(AVAILABLE RECORDS begins)
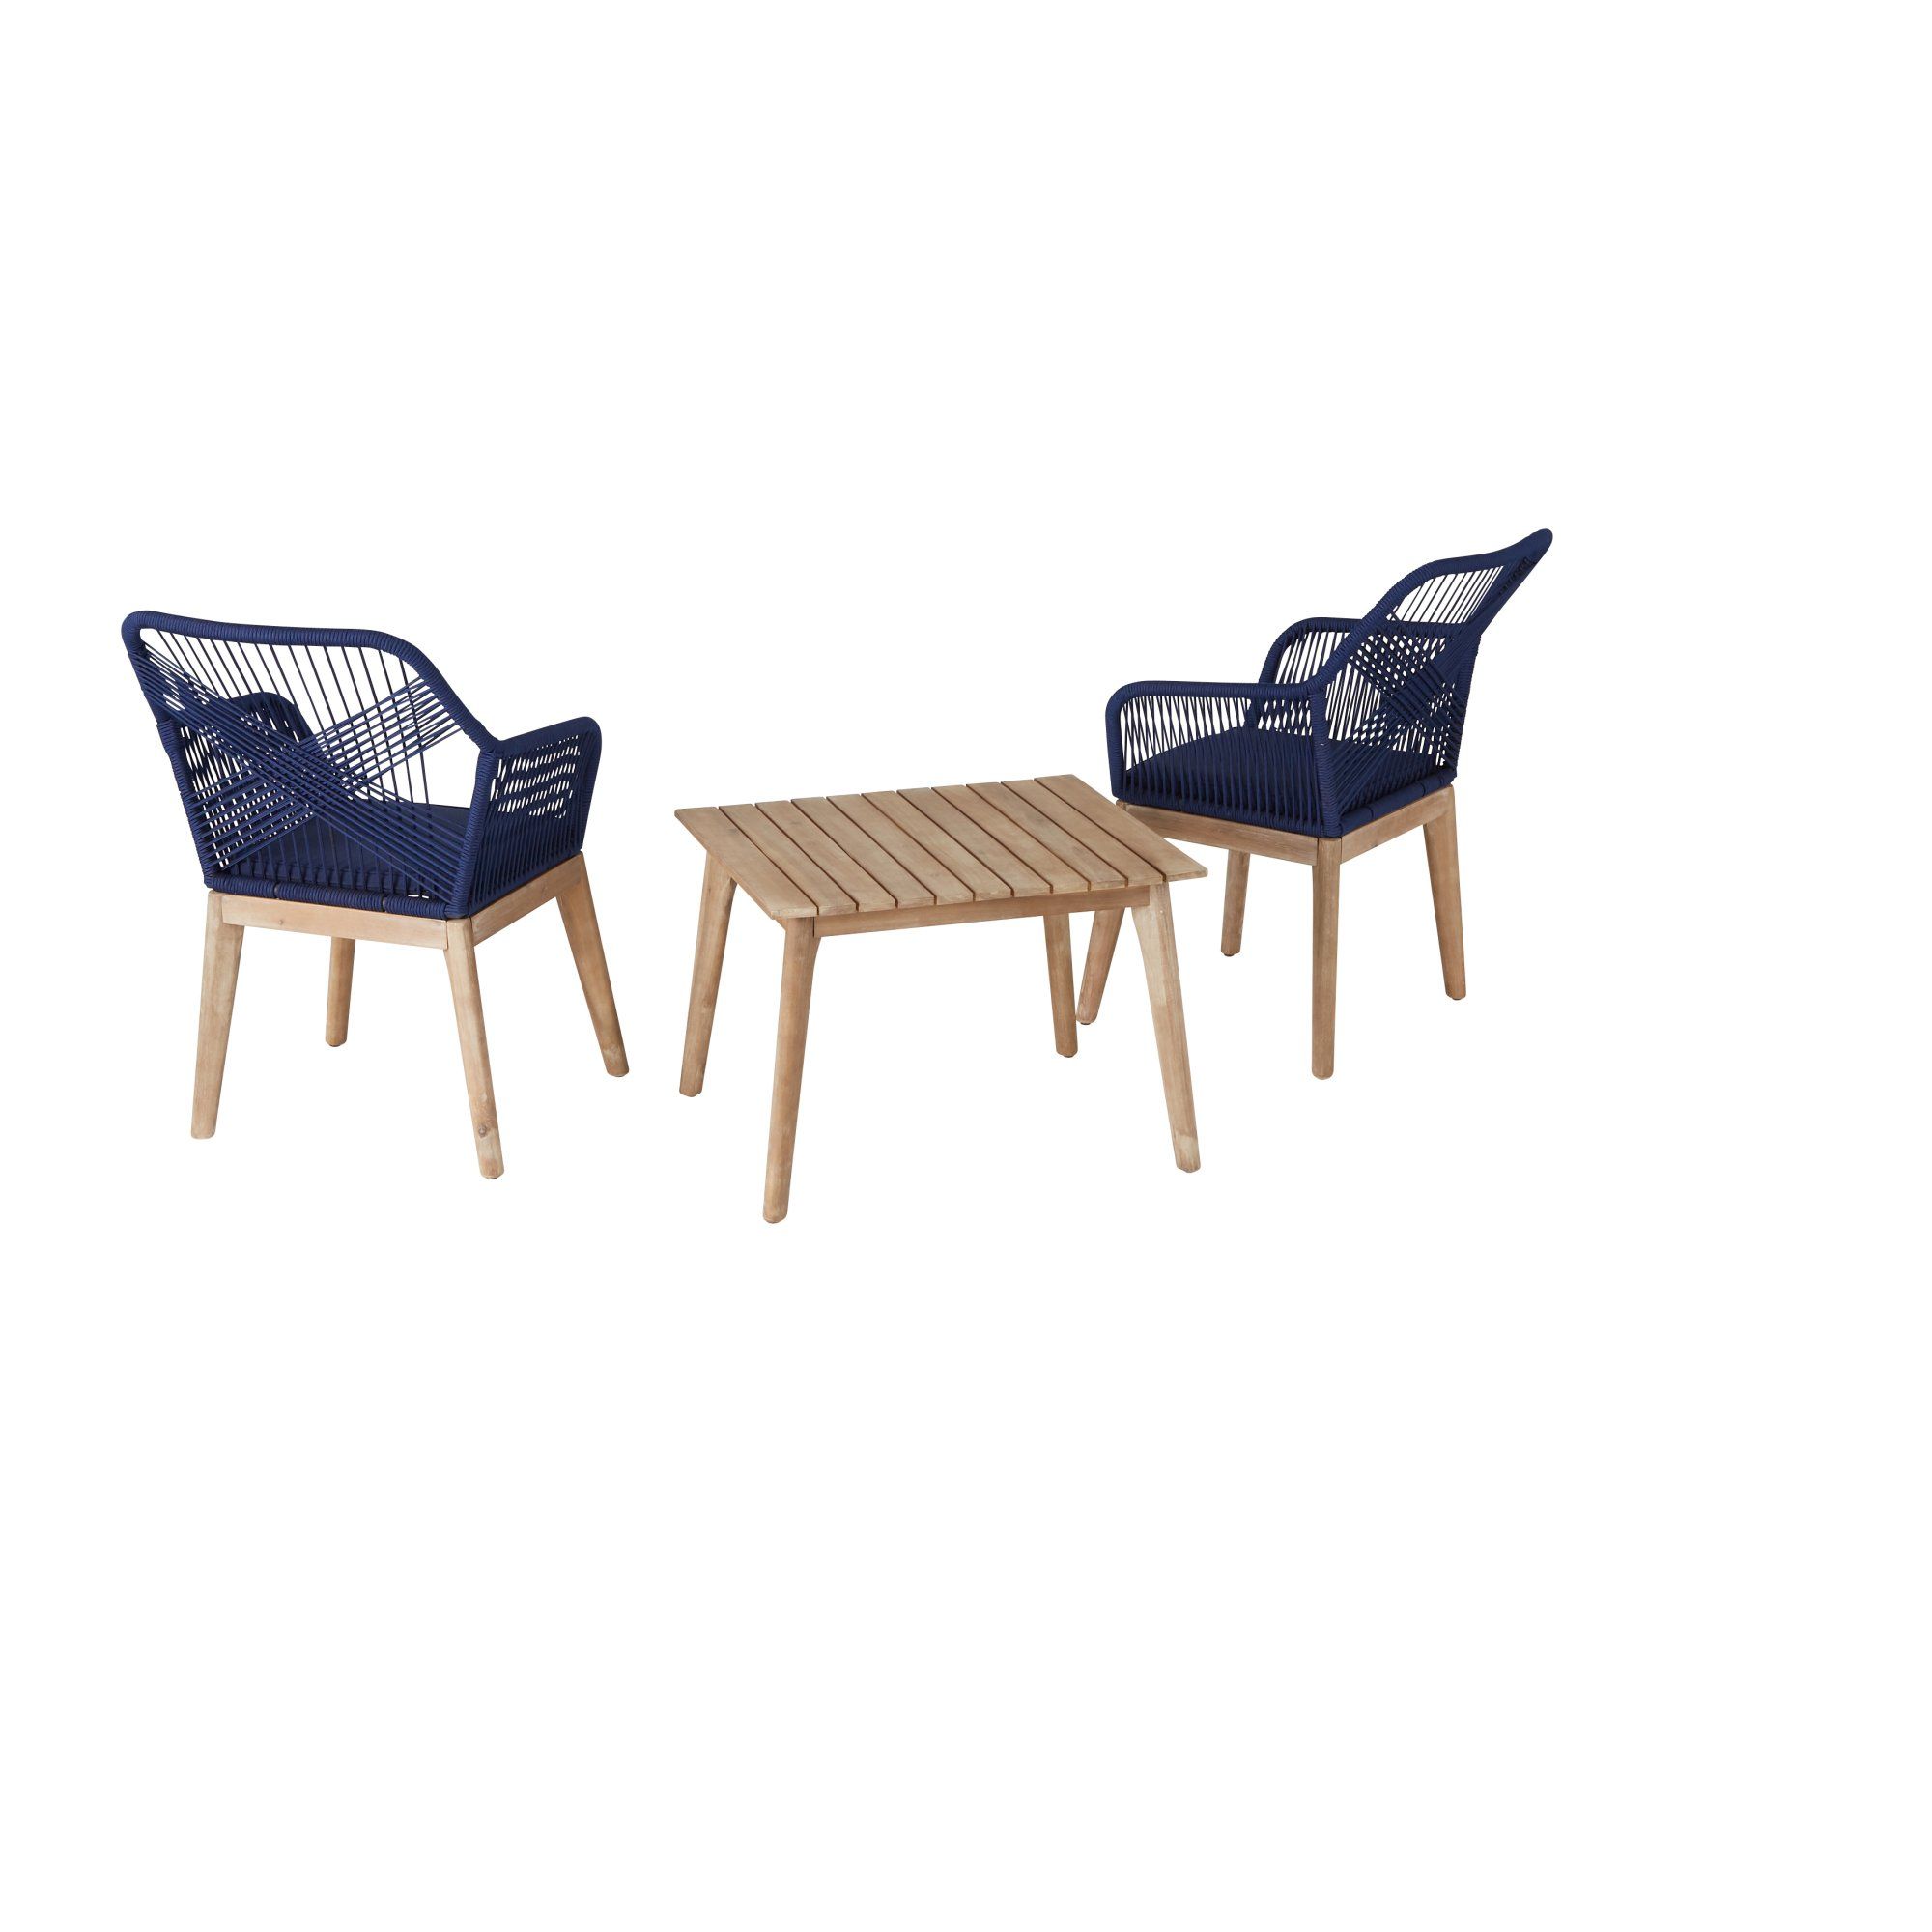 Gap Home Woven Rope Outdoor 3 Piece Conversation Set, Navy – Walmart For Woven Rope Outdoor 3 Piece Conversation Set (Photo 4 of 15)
(AVAILABLE RECORDS ends)
(AVAILABLE RECORDS begins)
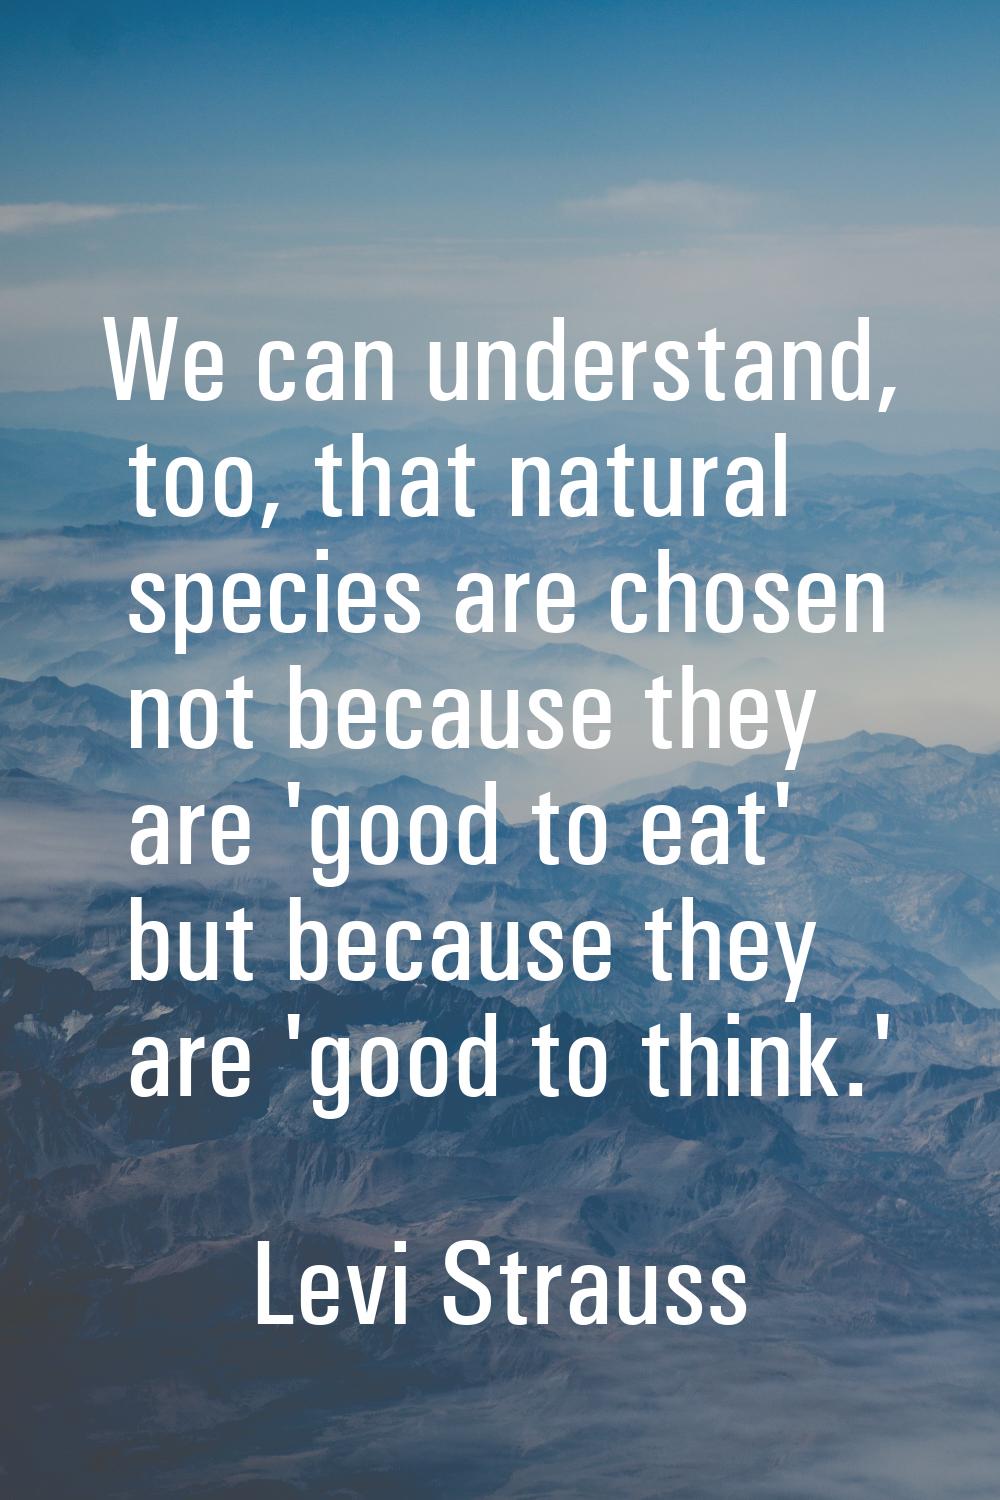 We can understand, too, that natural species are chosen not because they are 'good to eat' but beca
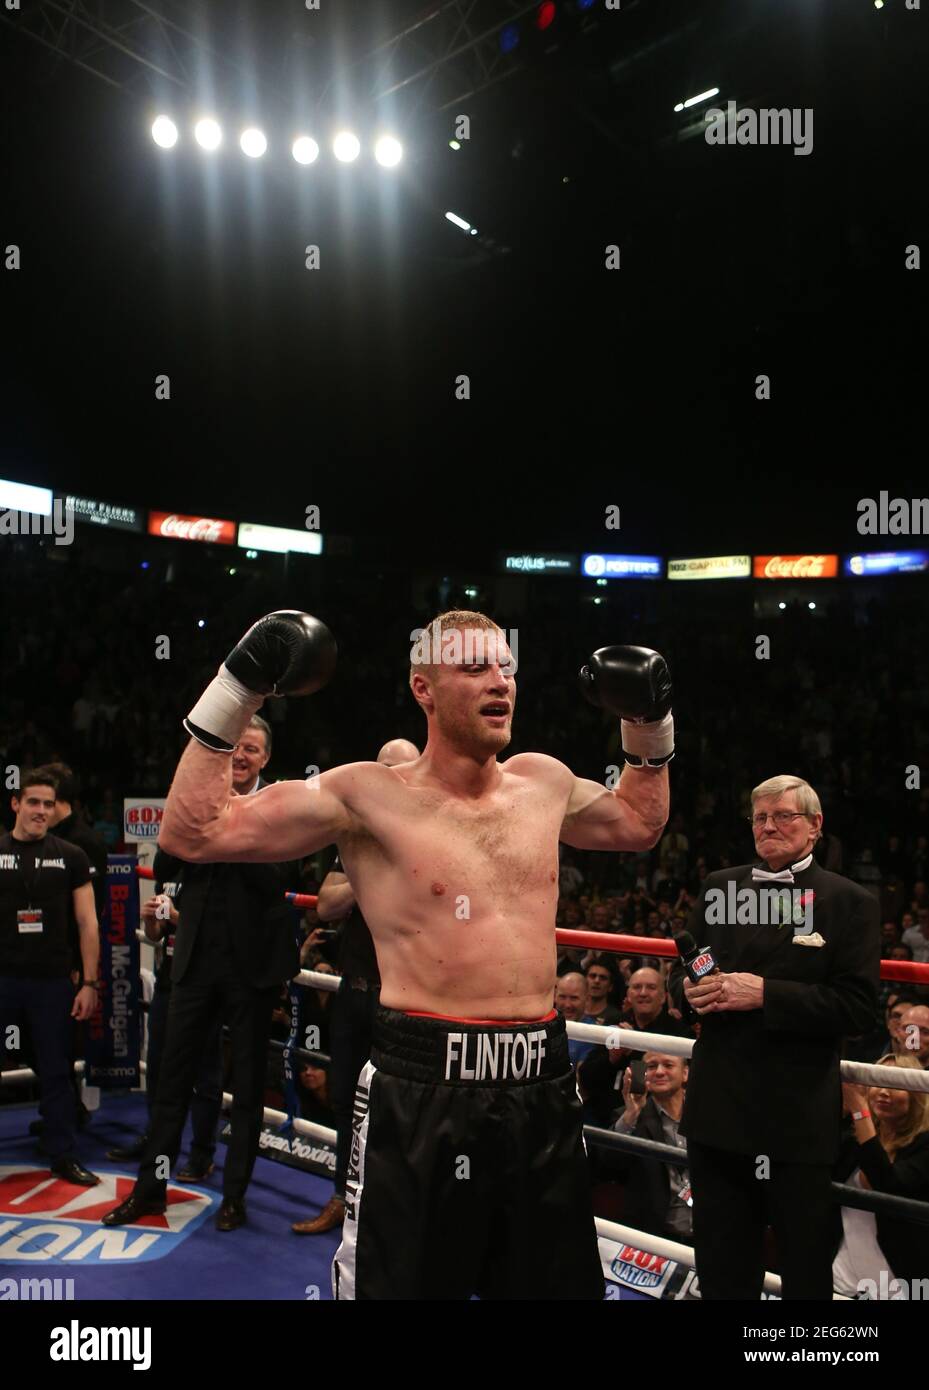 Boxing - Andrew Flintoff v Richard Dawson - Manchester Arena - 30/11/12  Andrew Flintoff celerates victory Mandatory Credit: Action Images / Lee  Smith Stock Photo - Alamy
(AVAILABLE RECORDS ends)
(AVAILABLE RECORDS begins)
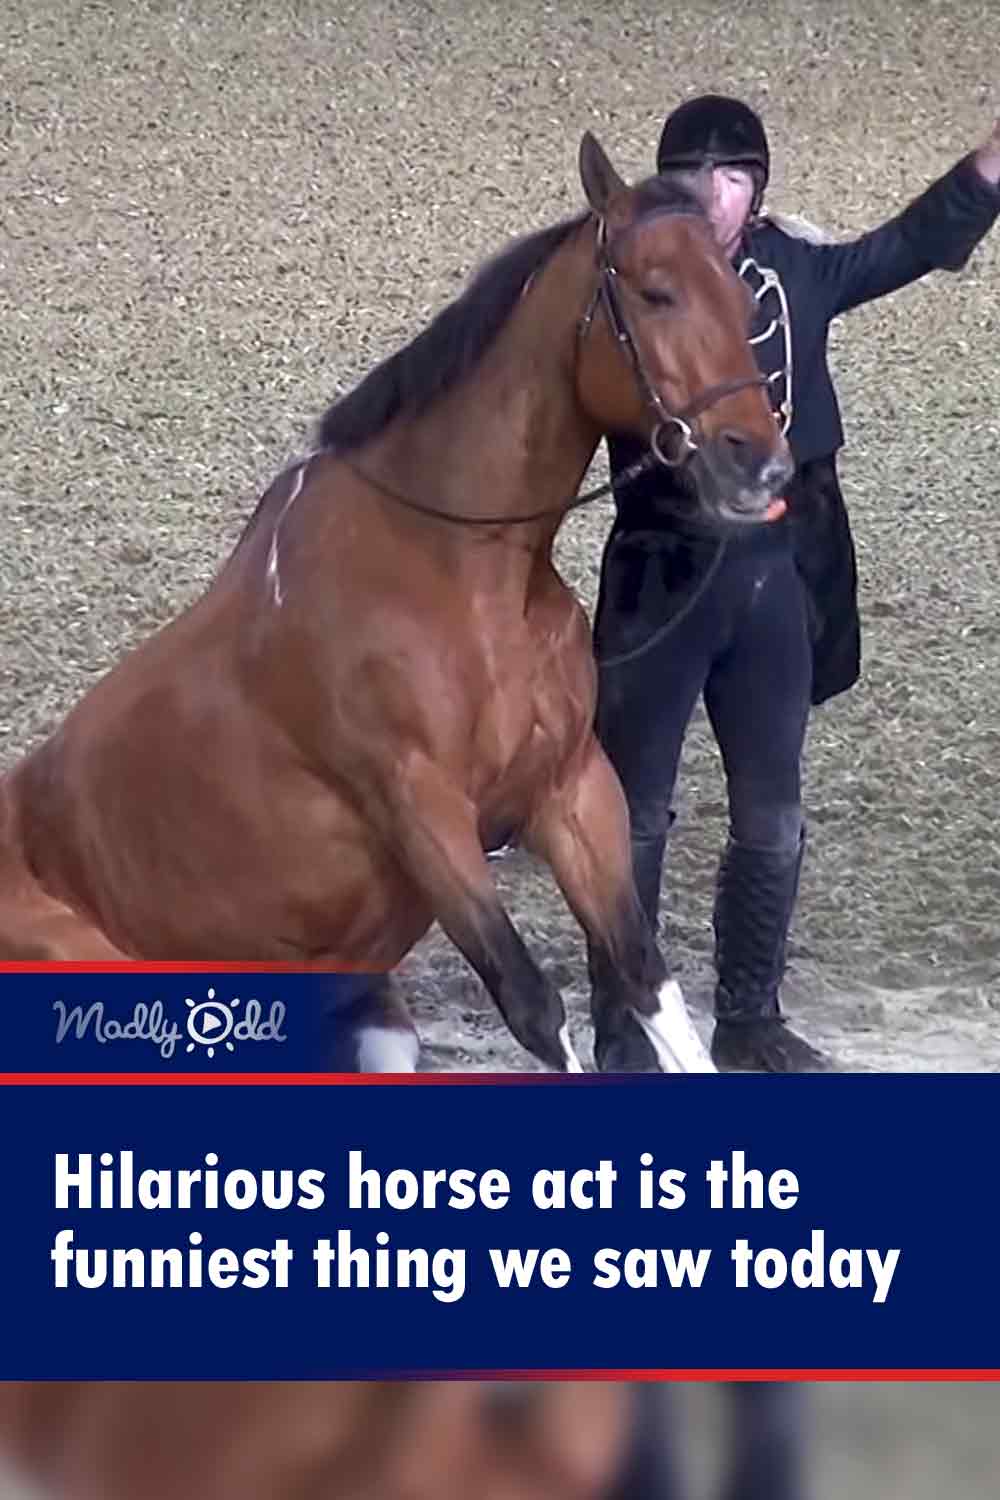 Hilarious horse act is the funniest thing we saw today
(AVAILABLE RECORDS ends)
### YOUR INSTRUCTIONS
Could you output exactly the lines above, from the line with "We can understand, too, that" up to and including the line with "Boxing - Andrew", and nothing else, skipping the pictures?

### RESPONSE TO THE EXERCISE
 We can understand, too, that natural species are chosen not because they are 'good to eat' but beca
 Boxing - Andrew Flintoff v Richard Dawson - Manchester Arena - 30/11/12  Andrew Flintoff celerates victory Mandatory Credit: Action Images / Lee  Smith Stock Photo - Alamy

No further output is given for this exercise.